Imam Tawang selaku jenderal lapangan aksi Garik menyatakan, ada kejanggalan dari persoalan kepala lingkungan. Kepala lingkungan yang lama yakni MS sudah diberhentikan namun masih menjalankan tugasnya serta menerima honor dari jabatannya itu.
Di sisi lain, pemerintah kelurahan telah melakukan pengangkatan kepala lingkungan baru yakni MAB, tapi tidak menjalankan tugasnya lantaran kepala lingkungan lama masih ada.
Salah satu ulah kepala lingkungan lama terpantau masyarakat setelah lurah Bontomanai memposting kepala lingkungan lama sedang menandatangani sebuah akte tanah dan menerima honornya yang semestinya honor tersebut, sudah menjadi hak bagi kepala lingkungan baru setelah penunjukannya.

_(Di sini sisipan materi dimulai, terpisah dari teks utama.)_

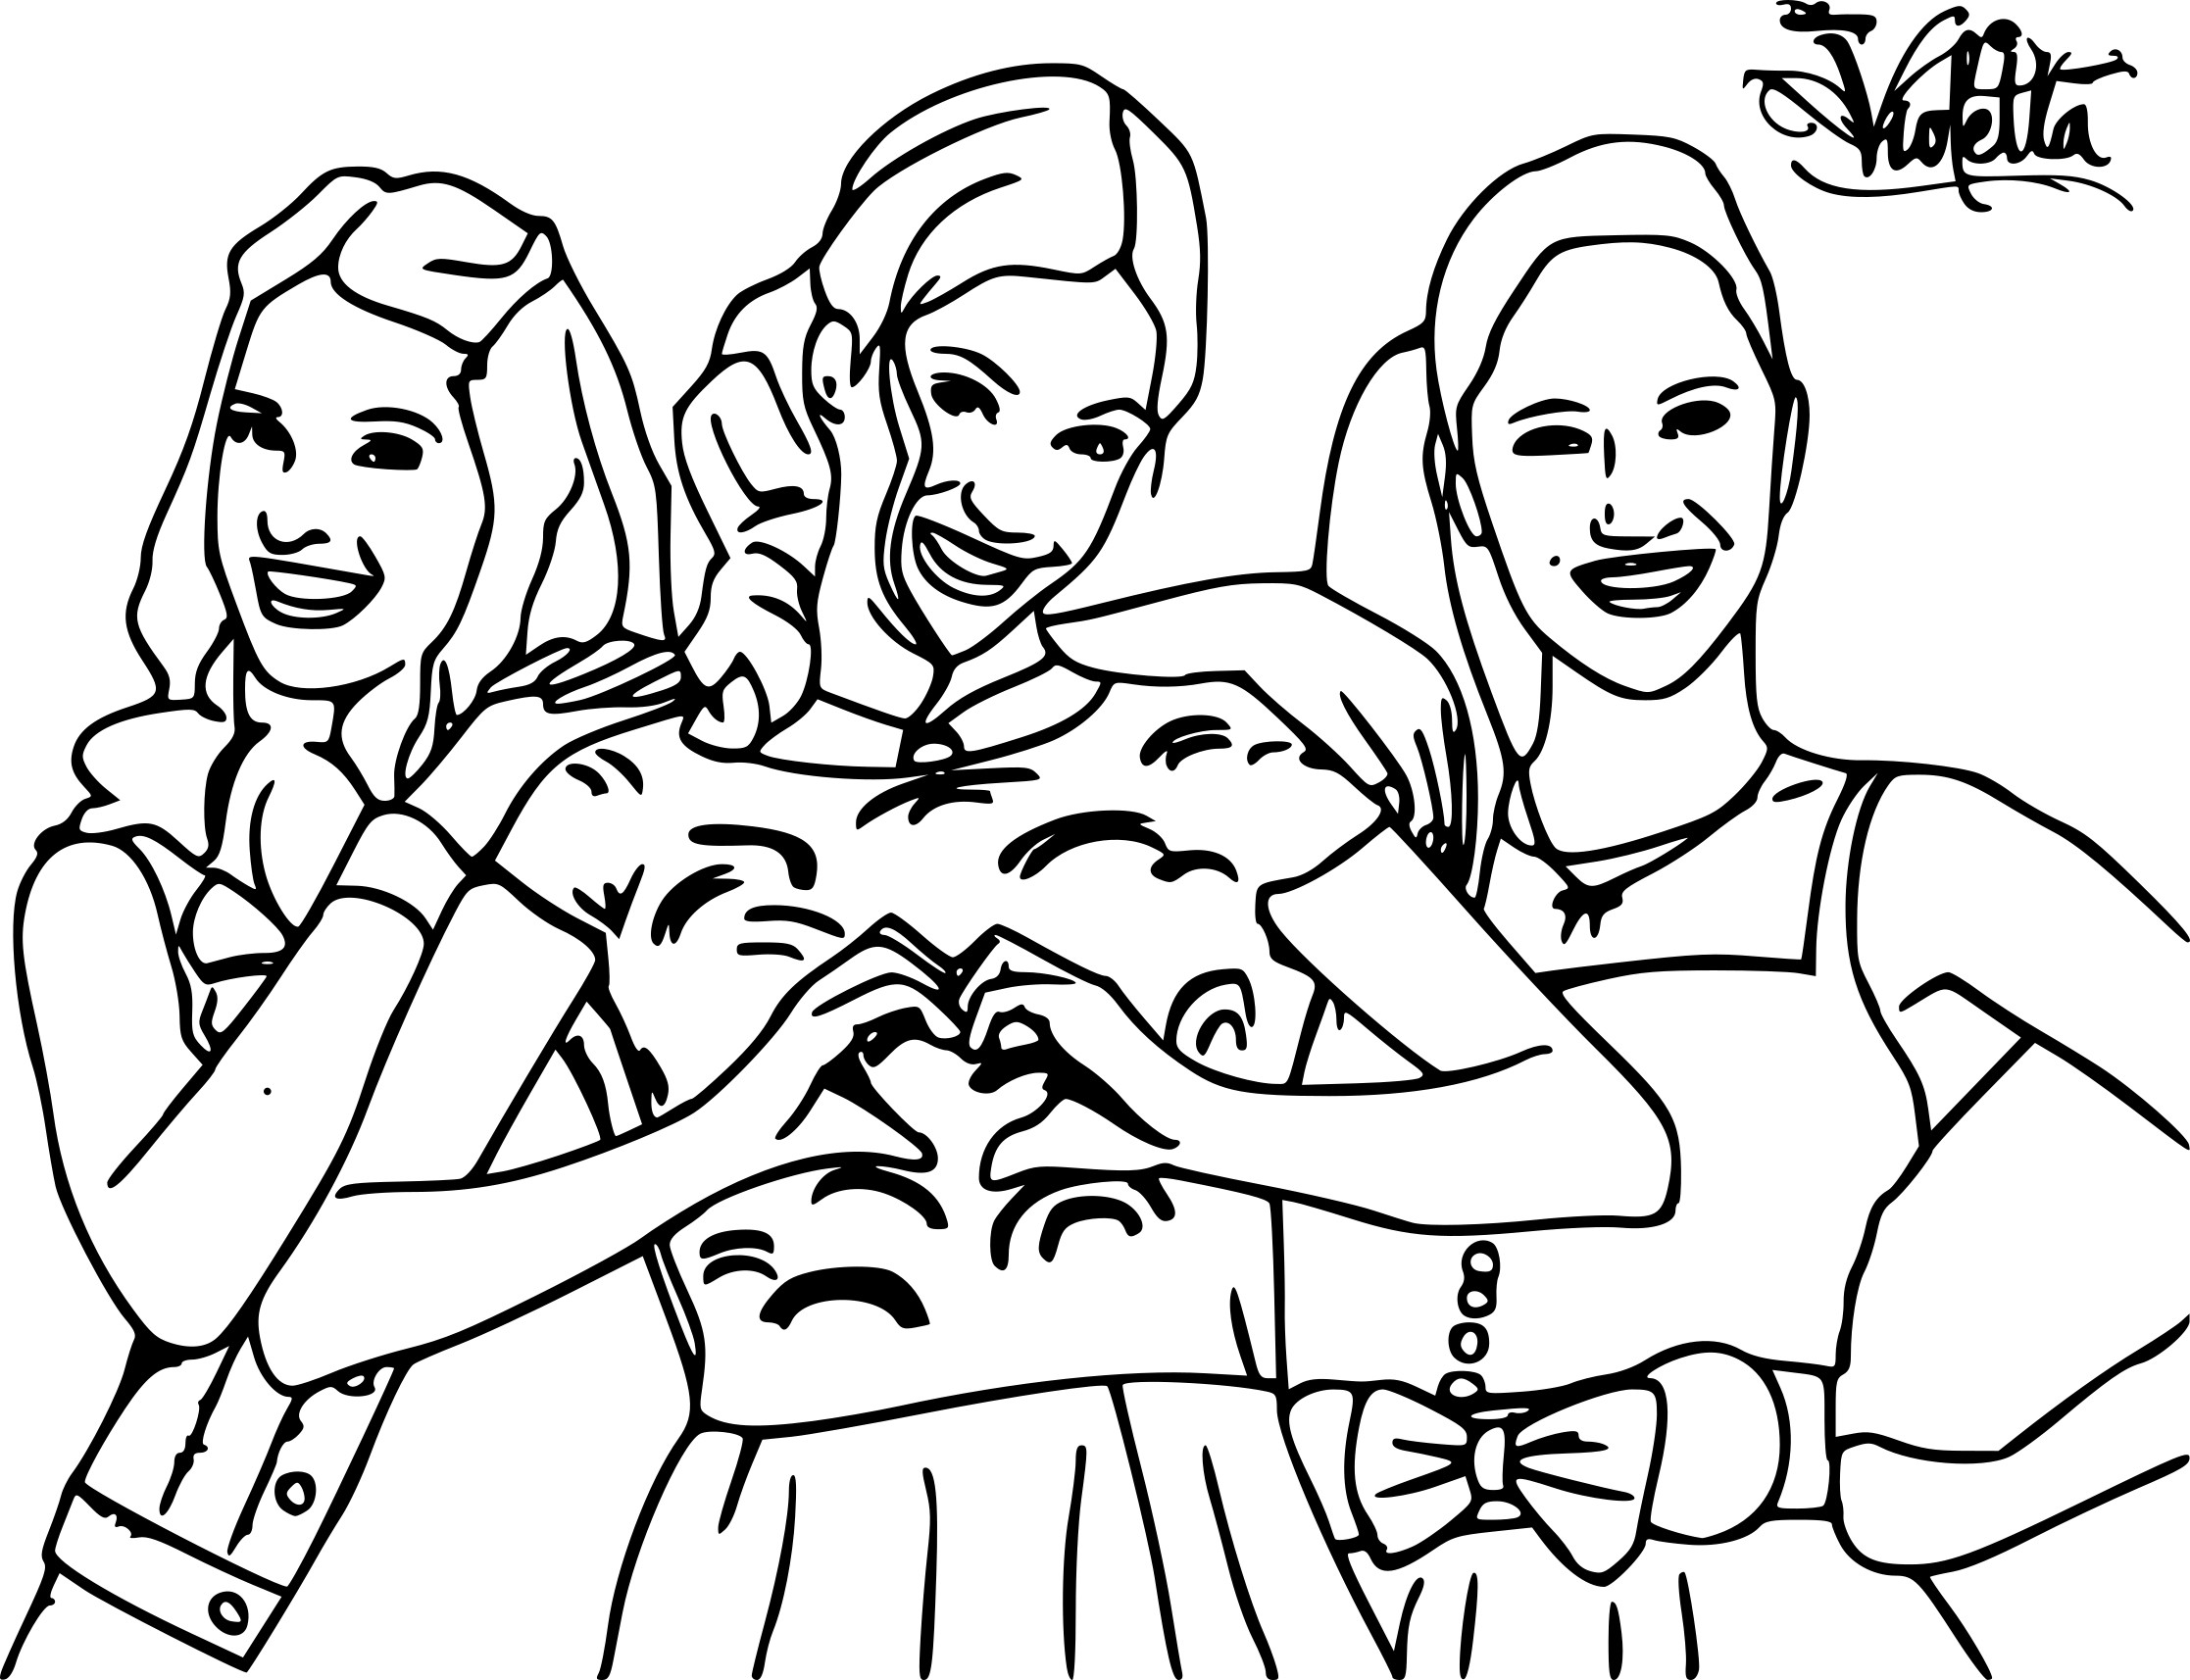 Coloriage Violetta avec ses amies

Postingan kegiatan itu dilakukan lurah di status WhatsApp pada 17 Mei 2025 pagi.
”Karena itu, kami Garik atau gerakan aktivis dan rakyat intelektual melakukan aksi protes ini karena kami anggap sangat tidak sesuai dengan peraturan yang berlaku. Kami minta bapak Camat Bontomarannu tegas dalam menyikapi masalah ini agar tidak ada dualisme kepala lingkungan. Dan pengangkatannya harus jelas, transparan serta tidak boleh ada titipan-titipan siapapun, biarkan kami memilih kepala lingkungan sendiri yang tentunya punya kapabilitas dan kapasitas dan mau bekerja. Kami netral dalam hal ini,” sebut Imam dalam orasinya di depan kantor Pemerintah Kecamatan Bontomarannu.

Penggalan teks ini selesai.